HR Guru: Up in the Air Has Heartless 'Transition Consultants' All Wrong
So far, Up in the Air has coasted through awards season with its timely tale of selfish human-resources mavens who gradually learn there are better things in life than traveling around the United States expediting mass layoffs. This perception could get a little out of hand, according to one of the industry's real-life veterans who has launched a new PR defensive against Hollywood.
I guess this counts as a spoiler of some sort, but it turns out that the "Web-enabled outplacement" -- i.e. firing people over a Webcam, sometimes from as nearby as an adjecent room -- is a real practice that actually occurs in the HR realm. We have a gentleman named Sanjay Sathe to thank for this insight, which is explained at length in a press release decrying the "myths" in Jason Reitman's critical darling. Among them: Most companies tend to lay employees off themselves, not through some dispassionate third party. Oh, and dispassionate third parties are their own myth; HR professionals really, truly like people! And those one-size-fits-all information packets that George Clooney's callous ax-man hands out? That's just the beginning of the materials meant to help laid-off workers start new professional lives.

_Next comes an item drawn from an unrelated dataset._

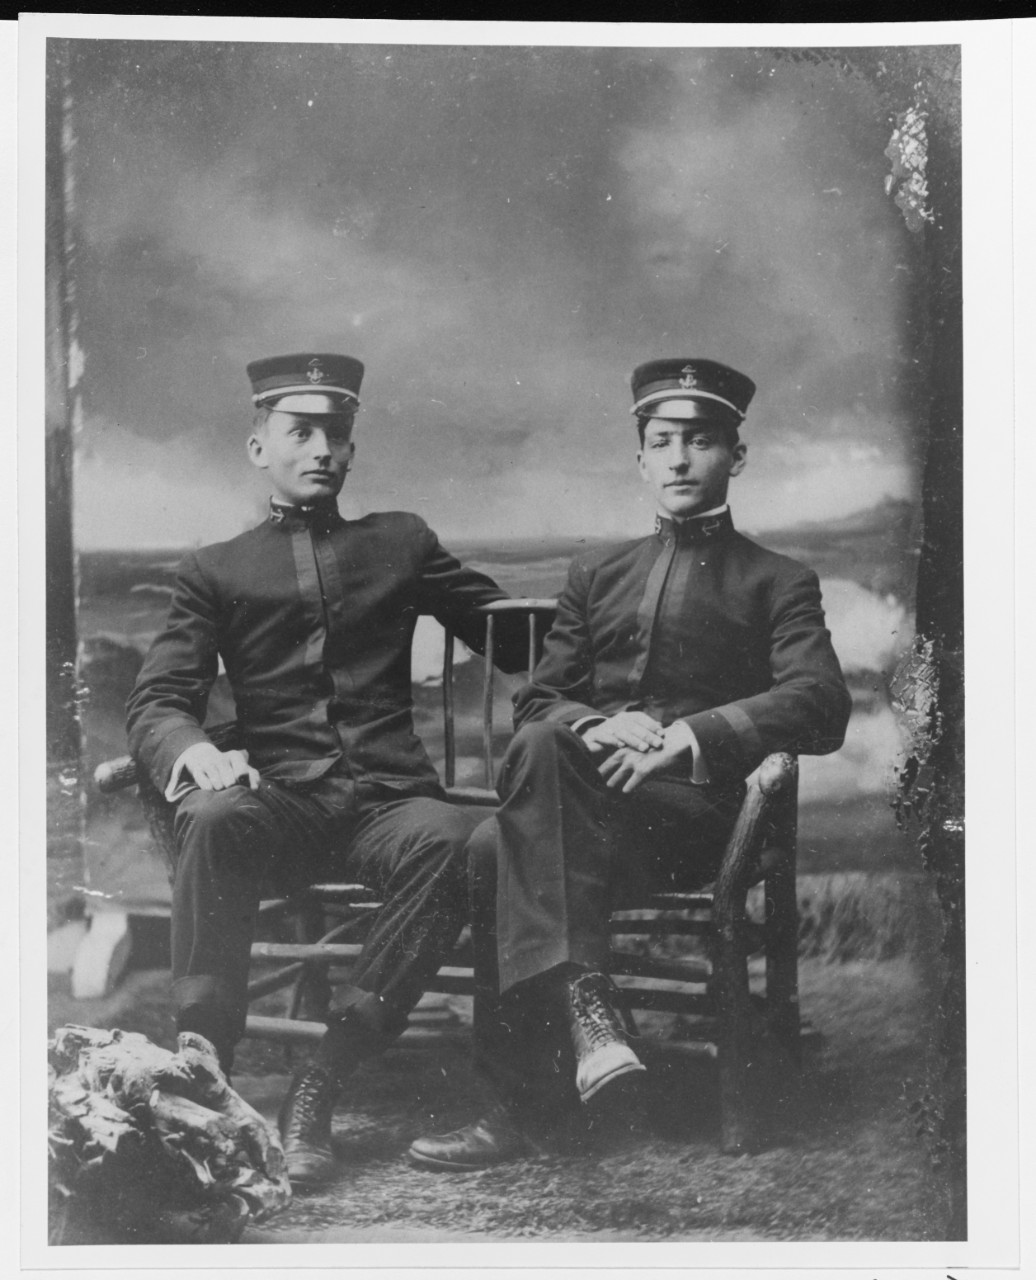 Midshipmen Frank A. Braisted and James B. Glennon

Let's see, what else... Oh: Clooney's condescending pep talks ("Anyone who ever built an empire or changed the world sat where you are sitting, and it's because they sat there that they were able to do it") are also crapola, as is the idea that his character would promiscuously bounce from firing to firing without the slightest scintilla of follow-up:
"While the 'transition consultant' played by Clooney skulks out of offices and on to the next firing, real-life transition consultants begin their work after the layoff," Sathe says. "The story of transition consultants working with employees to help them find new jobs is often an uplifting and inspiring one. Maybe that can be the story told in Up in the Air 2."
In other words, Up in the Air: It's just a movie! Also: NBC might want to get in on that sequel action right about now.